After a crew teleconference with the ground on upcoming Marangoni Surface (MS) activities in the JAXA JPM (JEM Pressurized Module), Satoshi Furukawa configured the G1 camcorder for ground “over-the-shoulder” monitoring and made preparations for the MS experiments which starts tomorrow. [Steps included setting up the FPEF (Fluid Physics Experiment Facility) with its MWA (Maintenance Work Area) at JPM F5 with its I/Fs (Interfaces) A & B, and the installation of Handle B on the MS Core, followed by the latter’s installation on the MWA along with the MS Body. FE-5 then cleaned the inside of the MS Core and exchanged the O-ring surface of the MS cooling disk. The G1 and MPC (Multi Protocol Converter) downlink was then terminated and the equipment deactivated.]

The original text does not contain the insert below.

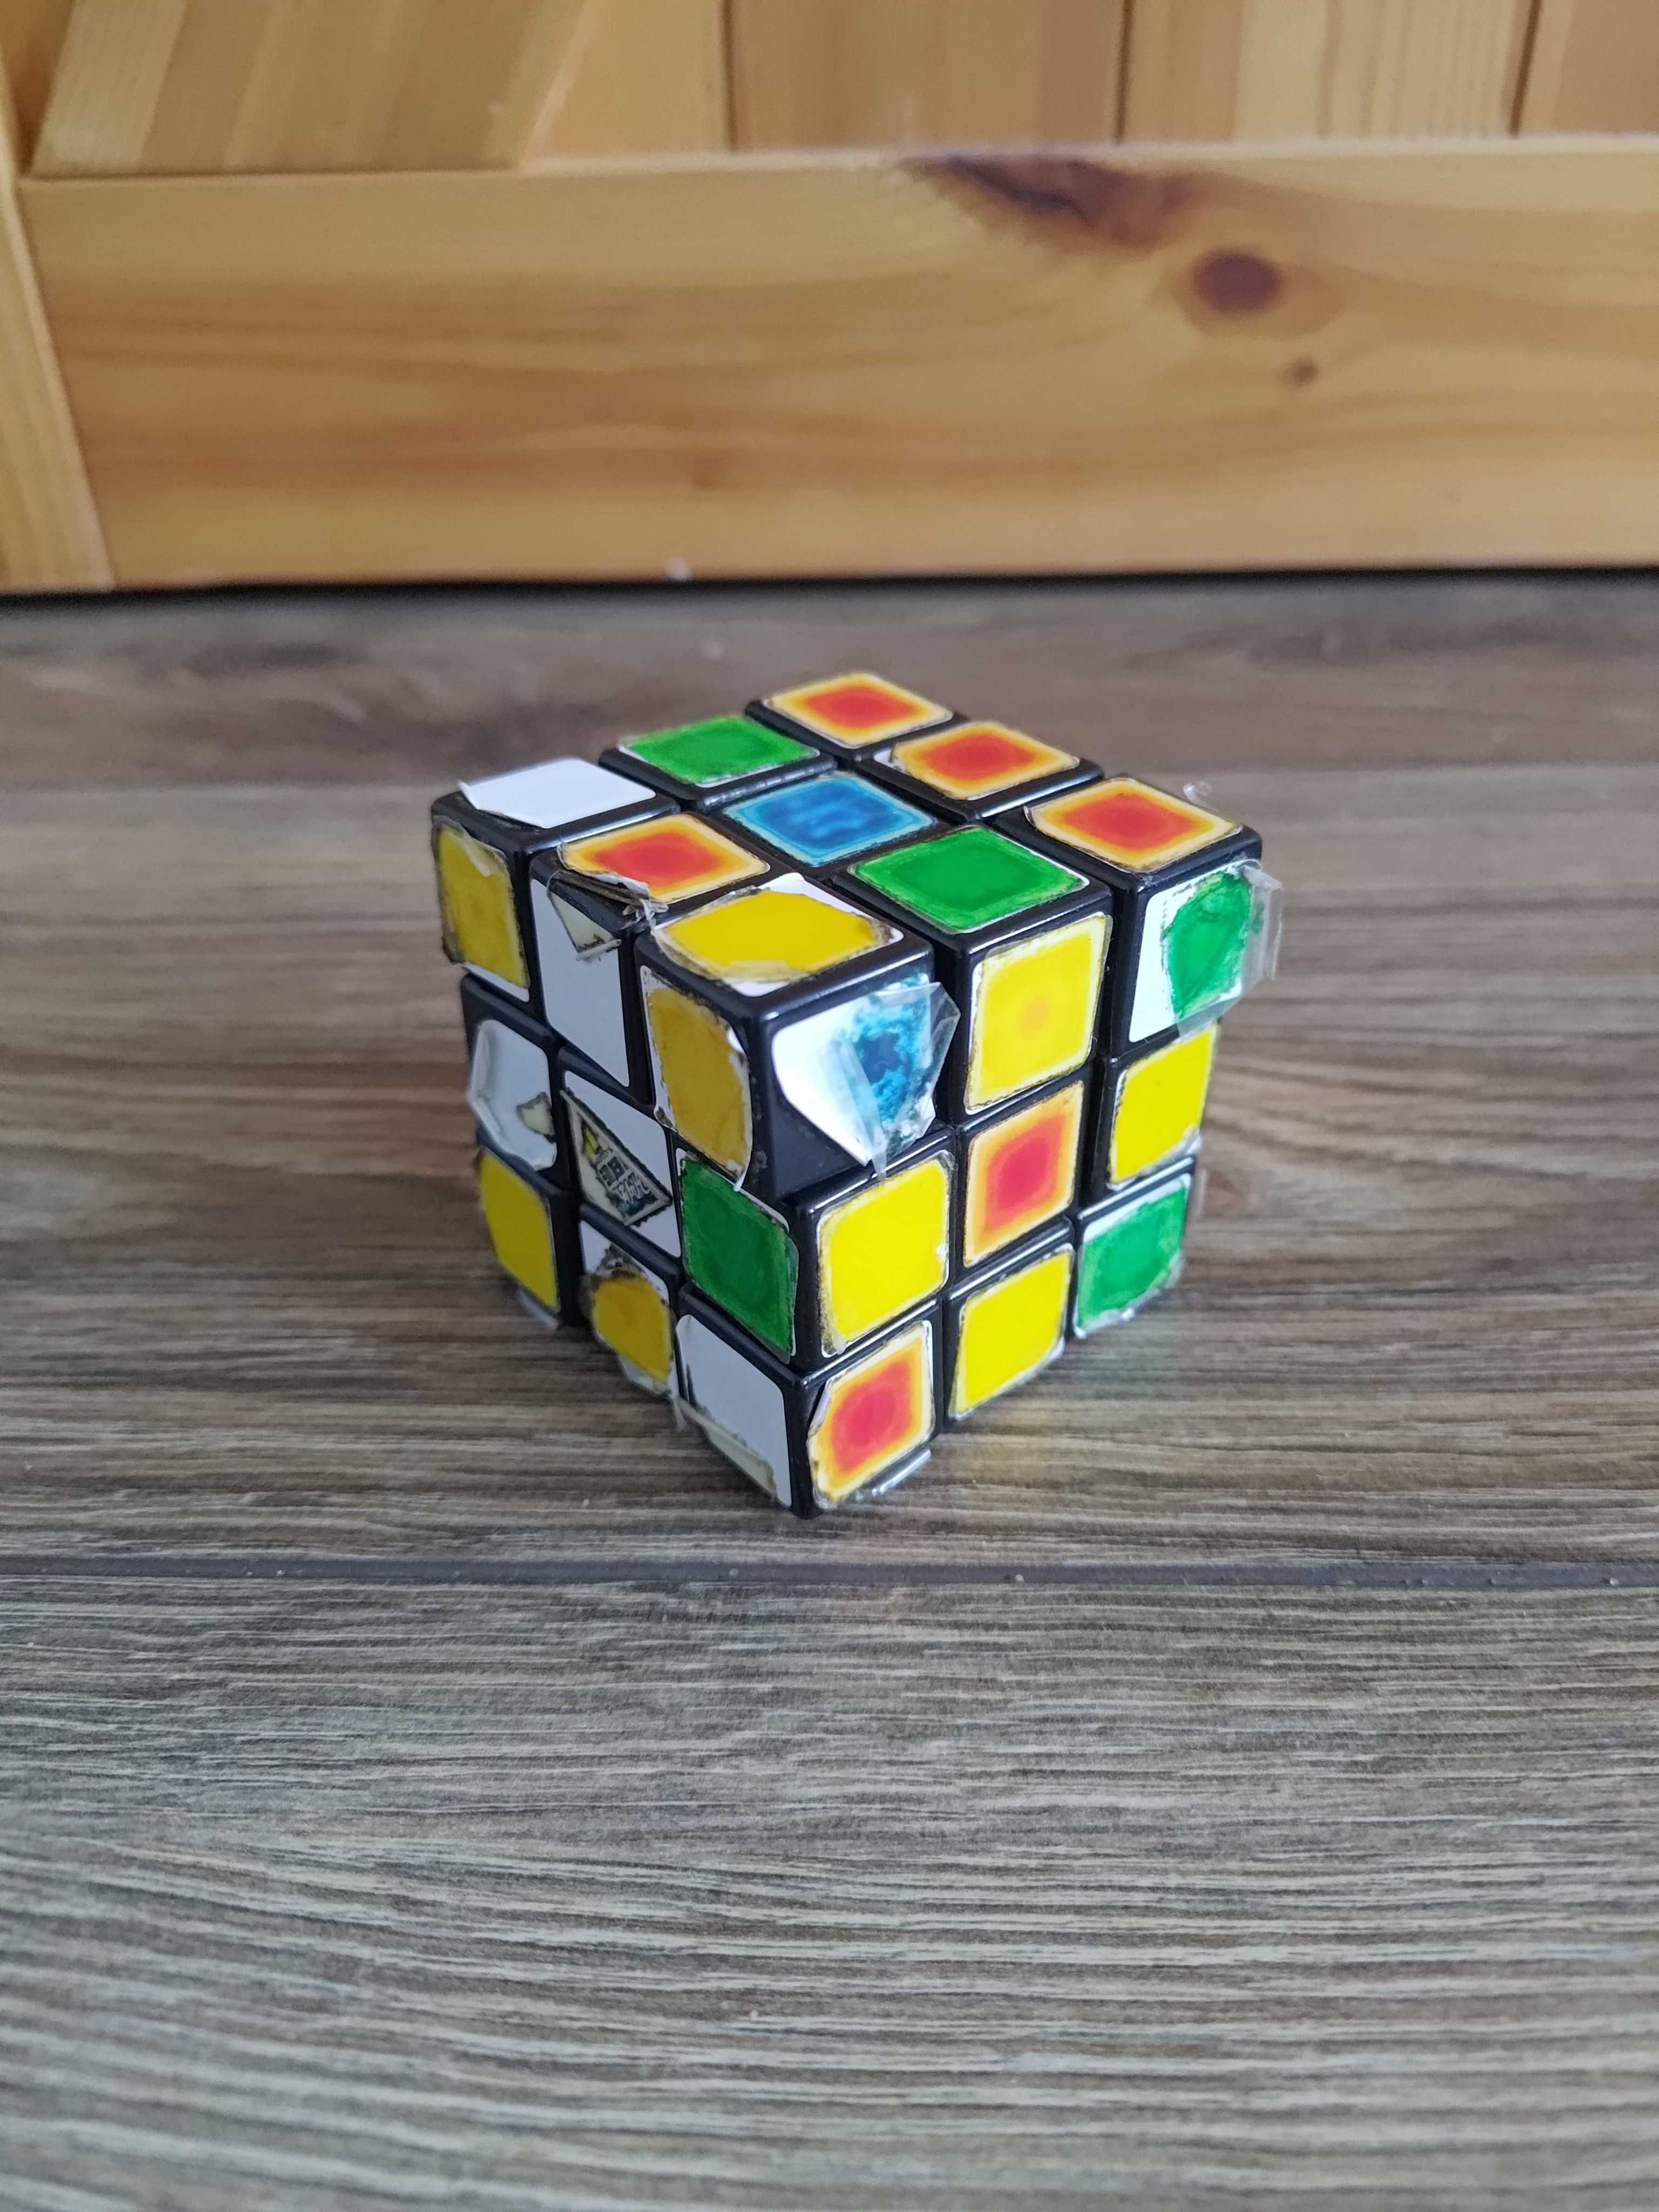 TANIO kostka Rubika na części

In COL, Furukawa removed SAMS (Space Acceleration Measurement System) components from the FSL for relocation, i.e., a cable assembly (EA12303-01) to the MSG rack in the US Lab and the SAMS Seat Track Device with sensors to the ER-3 (EXPRESS Rack 3) in COL.

Activities completed by FE-3 Garan included –

* Gathering equipment items required for a audit/inventory and consolidation of the WHC/ASU toilet facility insert kits/bags, conducted later by Satoshi,

* Removing the MSG (Microgravity Science Glovebox) Video Multipurpose Arm from its deployment location across the front of the CIR (Combustion Integrated Rack) and stowing it in Lab S2_H1, and

* Performing MSG AAA (Avionics Air Assembly) fan filter cleaning, then re-installing filter and rear panel and rotating the rack back up.

Later in the day, Furukawa conducted the scheduled audit/inventory & consolidation of the WHC/ASU toilet insert kits/bags prepared by Ron.

Time again for recharging the Motorola Iridium-9505A satellite phones in the Soyuz Descent Modules, – completed by Sasha Samokutyayev for Soyuz TMA-21/26S (#231, docked at MRM2) and by Sergei Volkov for TMA-02M/27S (#702, docked at MRM1), a monthly routine job and the 3rd time for Andrey & Sergei. (Done last time: 8/15). [After retrieving the phones from their location in the spacecraft Descent Modules (SA, spuskayemyy apparat), the crewmembers initiated the recharge of the lithium-ion batteries, monitoring the process every 10-15 minutes as it took place. Upon completion, the phones were returned inside their SSSP Iridium kits and stowed back in the SA’s ODF (operational data files) container. The satphone accompanies returning ISS crews on Soyuz reentry & landing for contingency communications with SAR (Search-and-Rescue) personnel after touchdown (e.g., after an “undershoot” ballistic reentry, as happened during the 15S return). The Russian-developed procedure for the monthly recharging has been approved jointly by safety officials. During the procedure, the phone is left in its fire-protective fluoroplastic bag with open flap. The Iridium 9505A satphone uses the Iridium constellation of low-Earth orbit satellites to relay the landed Soyuz capsule’s GPS (Global Positioning System) coordinates to helicopter-borne recovery crews. The older Iridium-9505 phones were first put on board Soyuz in August 2003. The newer 9505A phone, currently in use, delivers 30 hours of standby time and three hours of talk, up from 20 and two hours, respectively, on the older units.]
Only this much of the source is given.